Lady Tyrrell rose from her chair with a look which Sir Francis Tyrrell had never seen her assume before.
"One word, Sir Francis Tyrrell," she said, "before you proceed farther. You accuse me now, as you have often previously done, of things in regard to which I am perfectly innocent and ignorant. I have never taught your son to disobey you, though your own conduct may have taught him not to respect you, and may have alienated the affection of a son full of strong feelings, as it has alienated the affection of a wife, who might have been taught to love you dearly. More than twenty-two years of my life have been sacrificed to you; my health, my happiness, my comfort, my youth have been blasted and destroyed by the ill-fated connexion which united me to you.

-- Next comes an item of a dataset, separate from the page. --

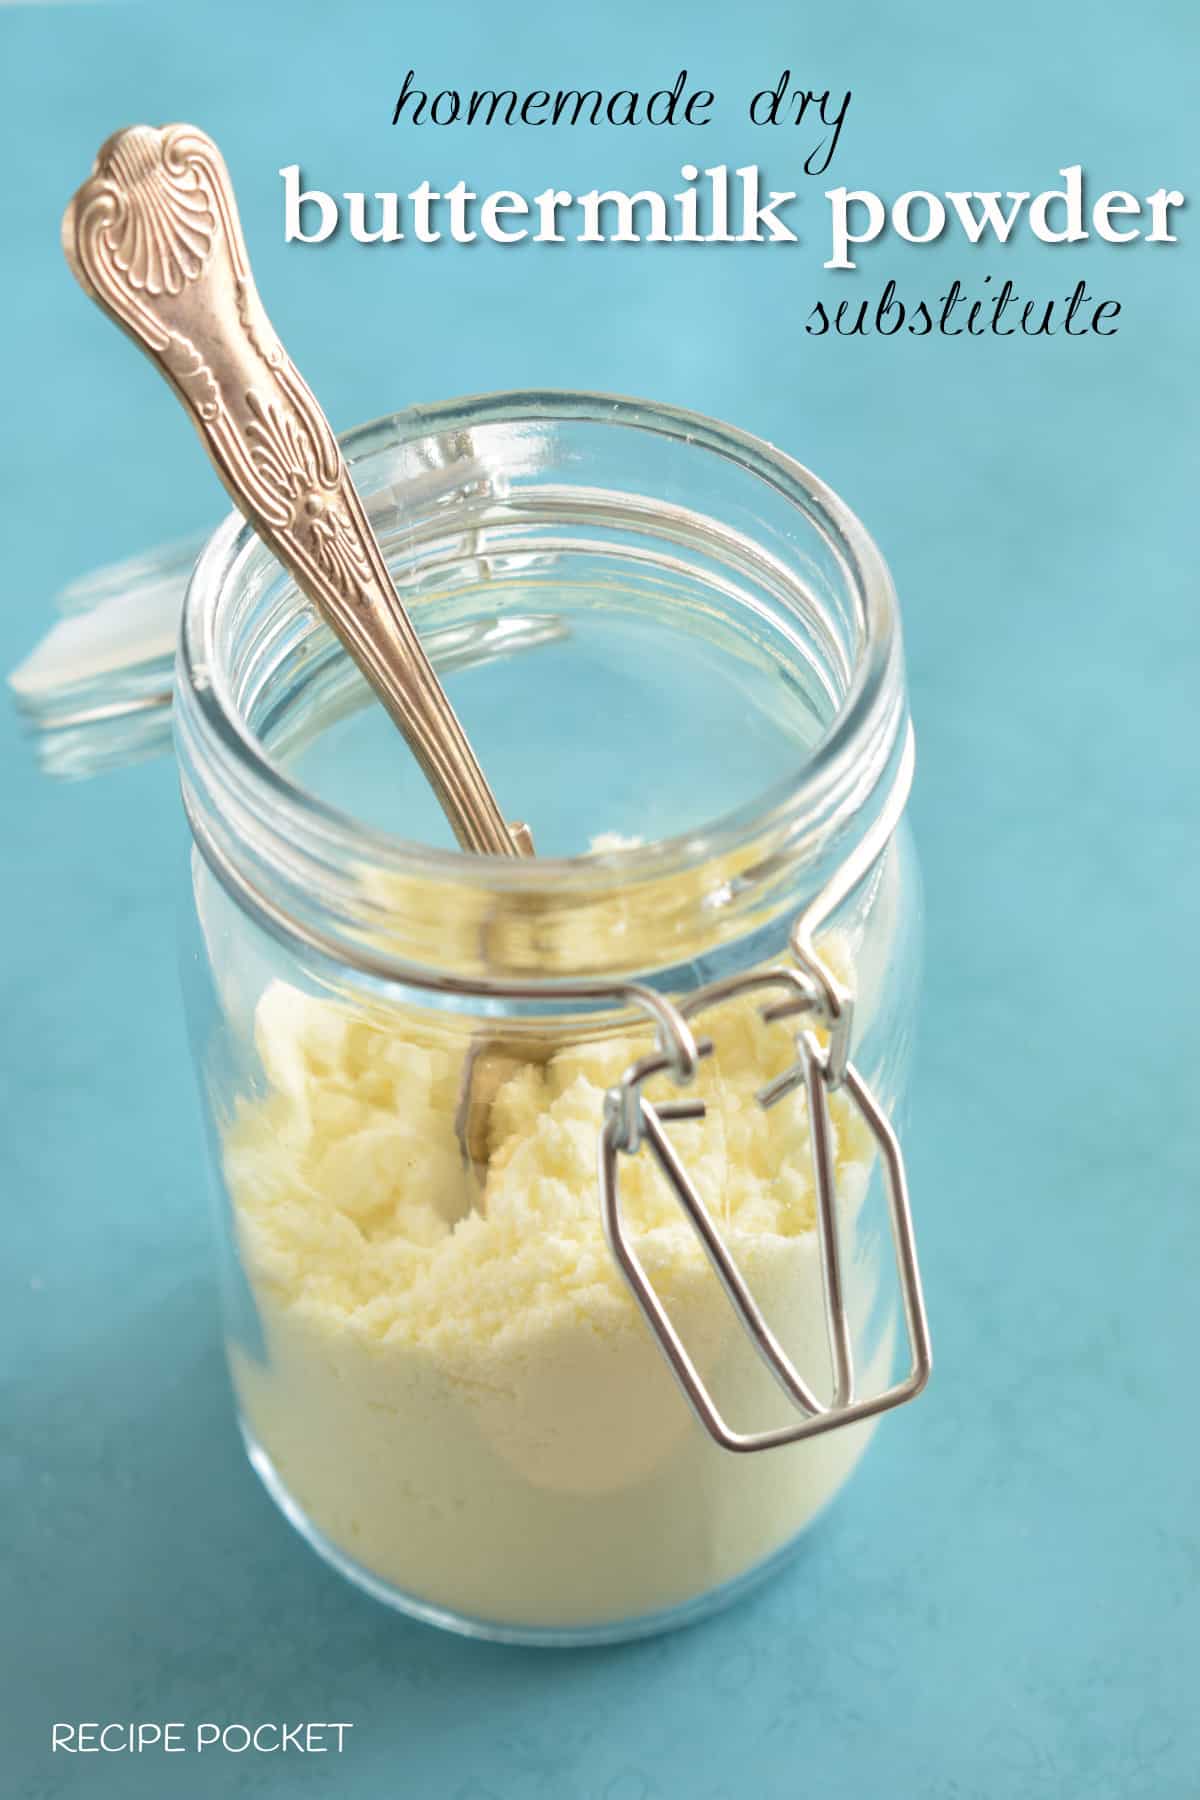 Dry buttermilk powder substitute in a glass jar.

For my son's sake I have endured till now, but I will endure no longer; and I now tell you, Sir Francis Tyrrell, that this must be the last altercation between us, as it is high time that we should separate."
Sir Francis Tyrrell was certainly struck and surprised, for this determination was not at all what he had expected from a woman whom he fancied to be habitually his slave; but still there was far too much pride in his nature to suffer him to show the slightest disappointment or regret. On the contrary, he determined to punish and imbitter an act that he could not prevent.
"Just as you please, madam," he replied; "it is an arrangement I have long desired and coveted myself; but I, too, have been restrained by consideration for my son, and should have proposed such a thing some sixteen or seventeen years ago, had I not apprehended that I might thereby have cast some doubts upon his legitimacy."
Lady Tyrrell gazed at him for a moment as if utterly confounded and bewildered by astonishment and horror. She knew by sad experience that there were few points of malignity to which passion would not carry Sir Francis Tyrrell in his more violent moods; but, pure as light in every word, and thought, and action, she had not believed that even human malignity itself would have dared to risk an insinuation against her honour. She gazed upon her husband, therefore--upon him to whom that honour should have been most dear and sacred, while he made an insinuation only the more terrible, because it was not direct--with feelings that defy all description; while he, glaring at her from under his heavy eyebrows, saw, and saw with satisfaction, that he had succeeded in cutting her to the soul. The moment after, however, she turned deadly pale, and, without replying a word to the base speech he had just uttered, she fell fainting on the floor before him. For a moment Sir Francis Tyrrell fancied she was dead, and he felt some degree of apprehension, if not remorse; but the next instant he perceived he had but cast her into a swoon, and thinking that but a light punishment for the offence of resisting his will, he merely rang the bell for Lady Tyrrell's maid, and told her to take care of her mistress, for she had fainted.
"Poor thing!" said the woman when she saw her; and those words, with the plaintive tone in which they were uttered, made Sir Francis Tyrrell feel that he was generally hated, and acted, therefore, as some retribution for the sufferings he inflicted. But such retribution had only a tendency to harden, not to mitigate, his feelings. To know that he was hated, made him seek to deserve hatred; and turning round to the woman, he said, "You have warning to go!"
The woman had been with Lady Tyrrell for many years past; and, of a naturally fearless disposition, she lost all awe when she lost respect.
"I am my lady's servant, not yours, sir," she replied, "and take no warning from you. I shall stay with her till she bids me go, and do my best to comfort her, which you do not."
"We shall see, madam, we shall see," said Sir Francis Tyrrell, shaking his finger at her, and left the room.